╔══
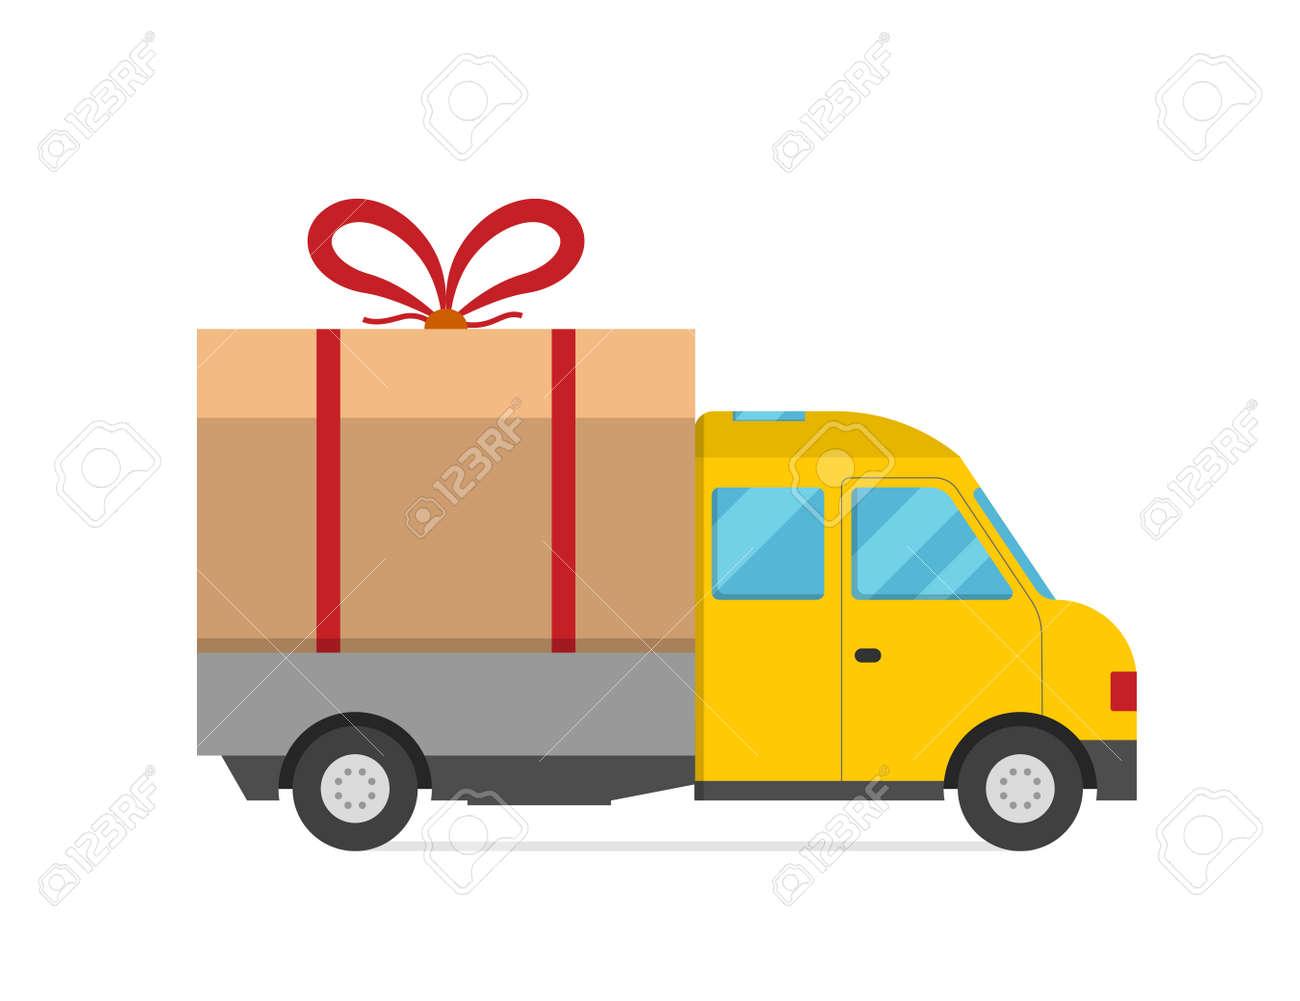 Delivery vector transport truck van christmas gift box bow ribbon delivery vector transport truck van christmas gift box bow ribbon delivery service van new year m4hsunfo
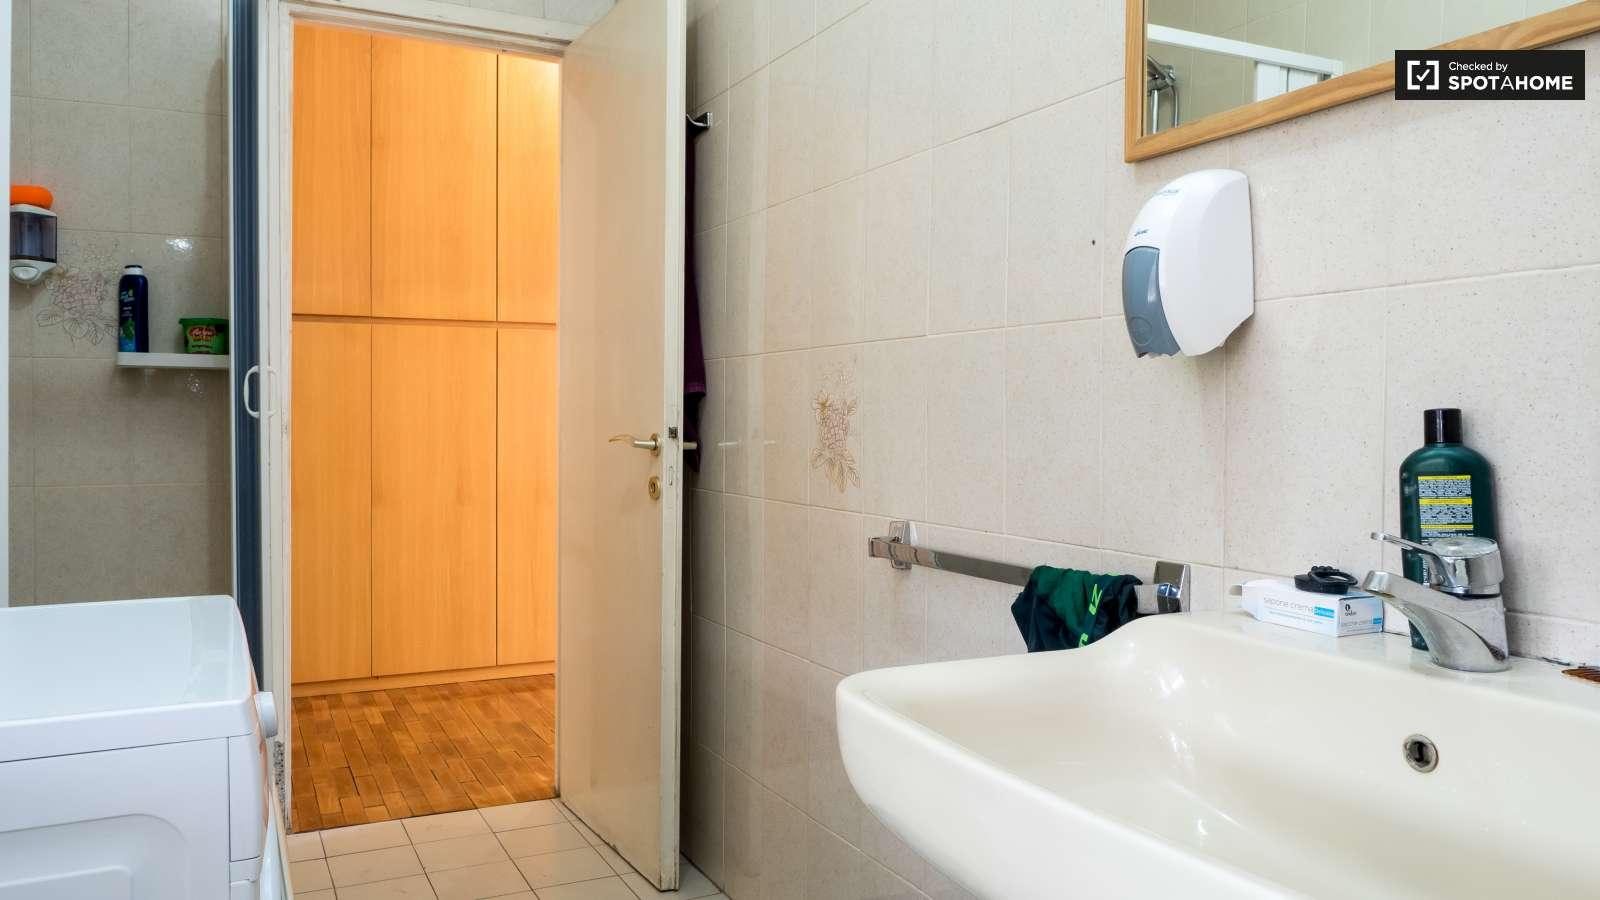 Stanze in affitto in un appartamento con 2 camere da letto for Appartamento con 2 camere da letto
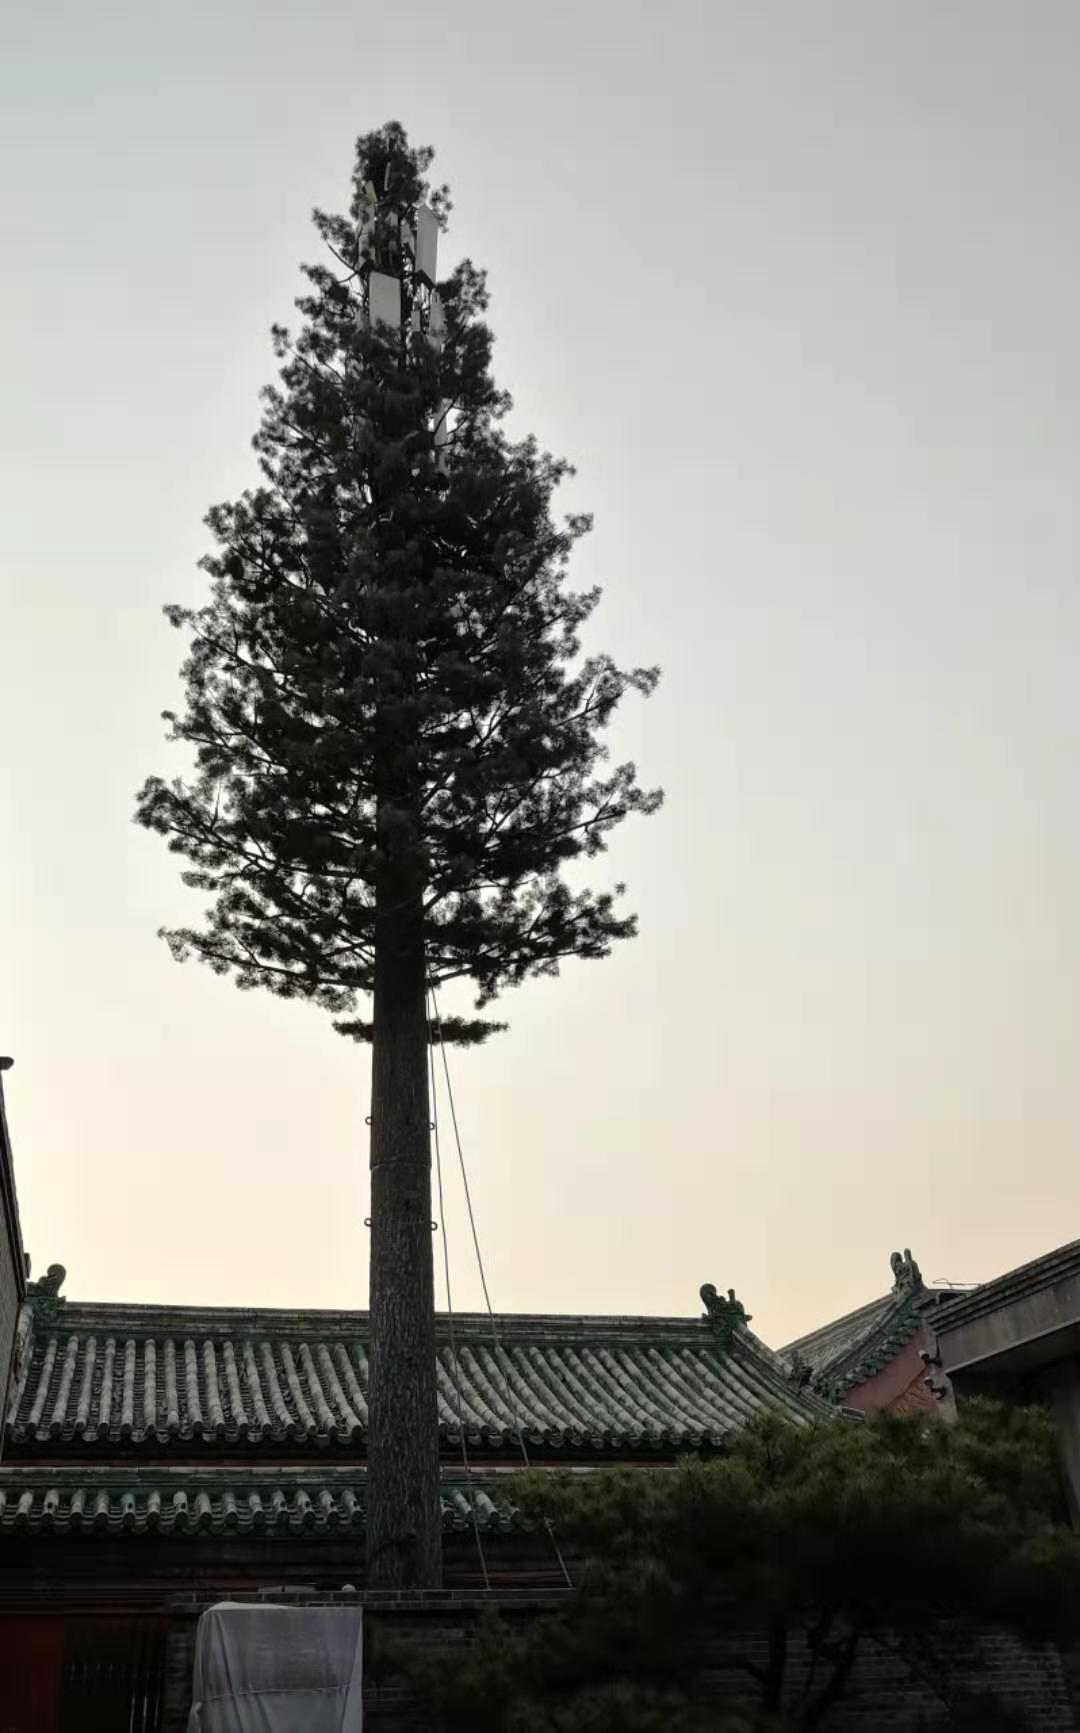 用5G为故宫插上想象的翅膀,传承中华民族的伟大成就
╚══
Work order -> Your answer must be only the lines from the one that holds "Stanze in affitto" to the end of the listing, each restated word for word, with both ends kept and pictures left out.

Result ->
 Stanze in affitto in un appartamento con 2 camere da letto for Appartamento con 2 camere da letto
 用5G为故宫插上想象的翅膀,传承中华民族的伟大成就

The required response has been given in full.